Grasshopper

by Barbara Vine

Tuesday, September 16, 2003

Featured image for Grasshopper

This seemed a much lengthier read than the actual 400 and something page count would have me believe. It might be that picking it up and putting it down for about three months isn’t the best way to read it but it did seem to drag. Altogether too much foreshadowing of the ‘if only I’d known then what I know now’ type which rather than heightening the suspense leads you to not be surprised by many of the events in the book.

I’m making it sound like I hated it which I didn’t. It was a much more interesting, more unputdownable, book in the last hundred pages than it was in the lead up and I enjoyed seeing all the various threads intertwine and play out.

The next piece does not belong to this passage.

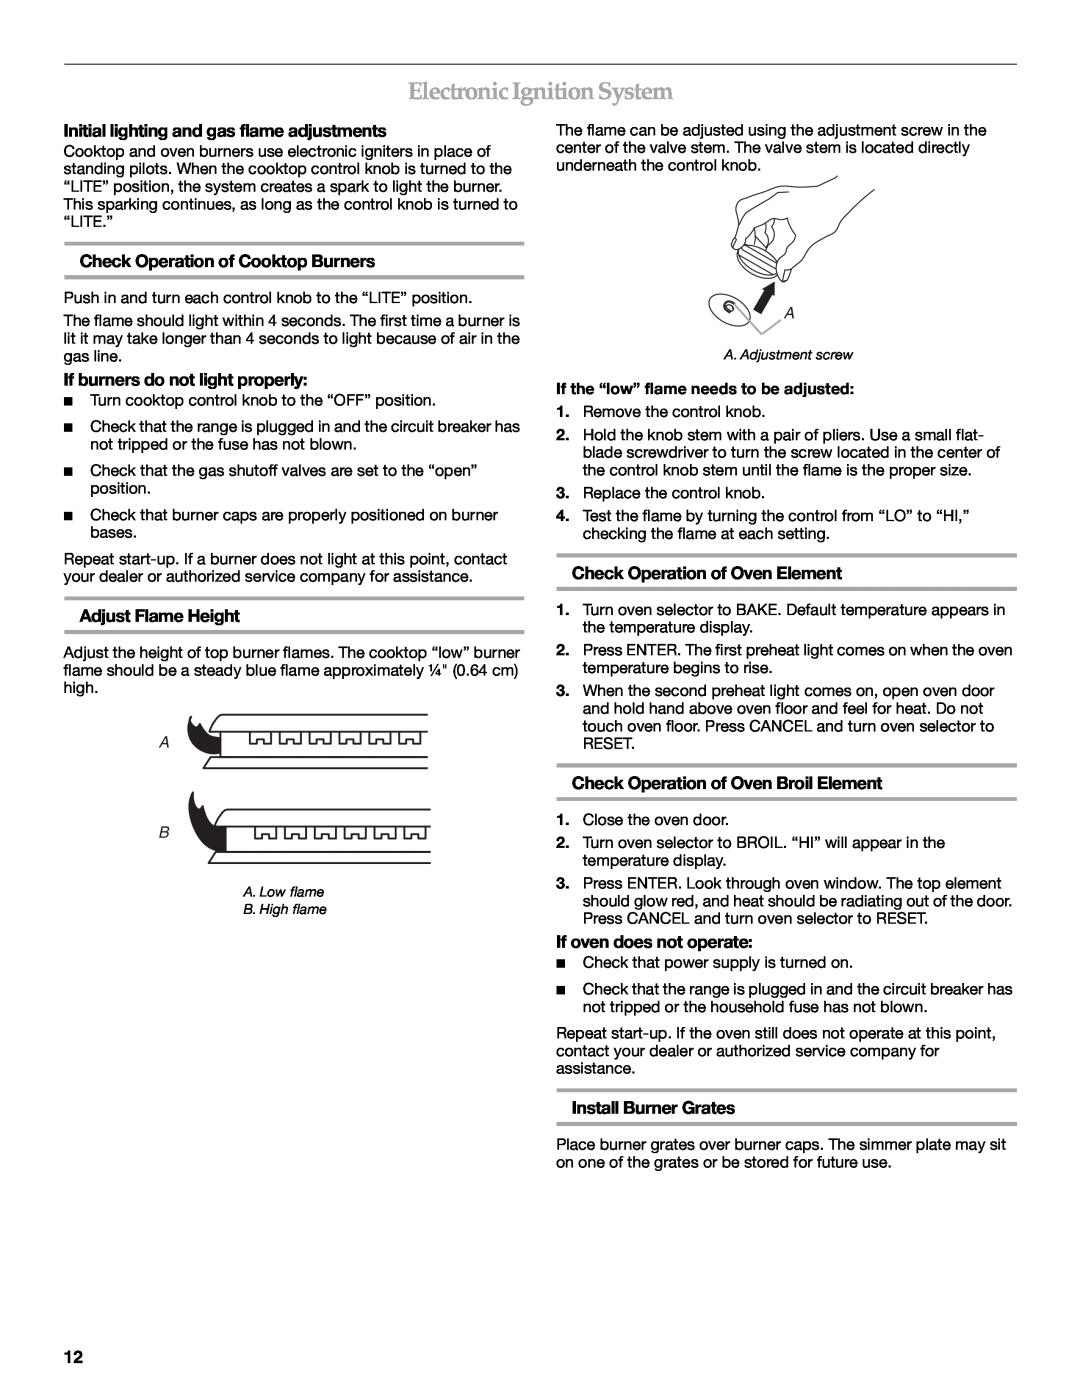 KitchenAid 9759121A Electronic Ignition System, Initial lighting and gas flame adjustments, Adjust Flame Height

Just too much set up for not enough pay off in the end though.

The main spinal theme of the books is scaling heights but the recurring theme of relationships, especially those between parents and children, is more absorbing on the whole. The thing about heights gets your attention but I felt it diverted me from the real matter of the story. Clodagh Brown is the narrator telling the story about eleven years after the events happen when she was 19, mainly when her and her friends lived in Maida Vale and took to gallavanting around the local rooftops. I think it’s the looking back narration style that really annoyed me; since she’s looking back she can hide things from the reader but it didn’t feel artfully enough done. I don’t mind being able to guess the ending but there seemed to be too little that I couldn’t guess at here.

I love many of Barbara Vine’s books but other are just ‘eh?’ for me. This was one of the second type.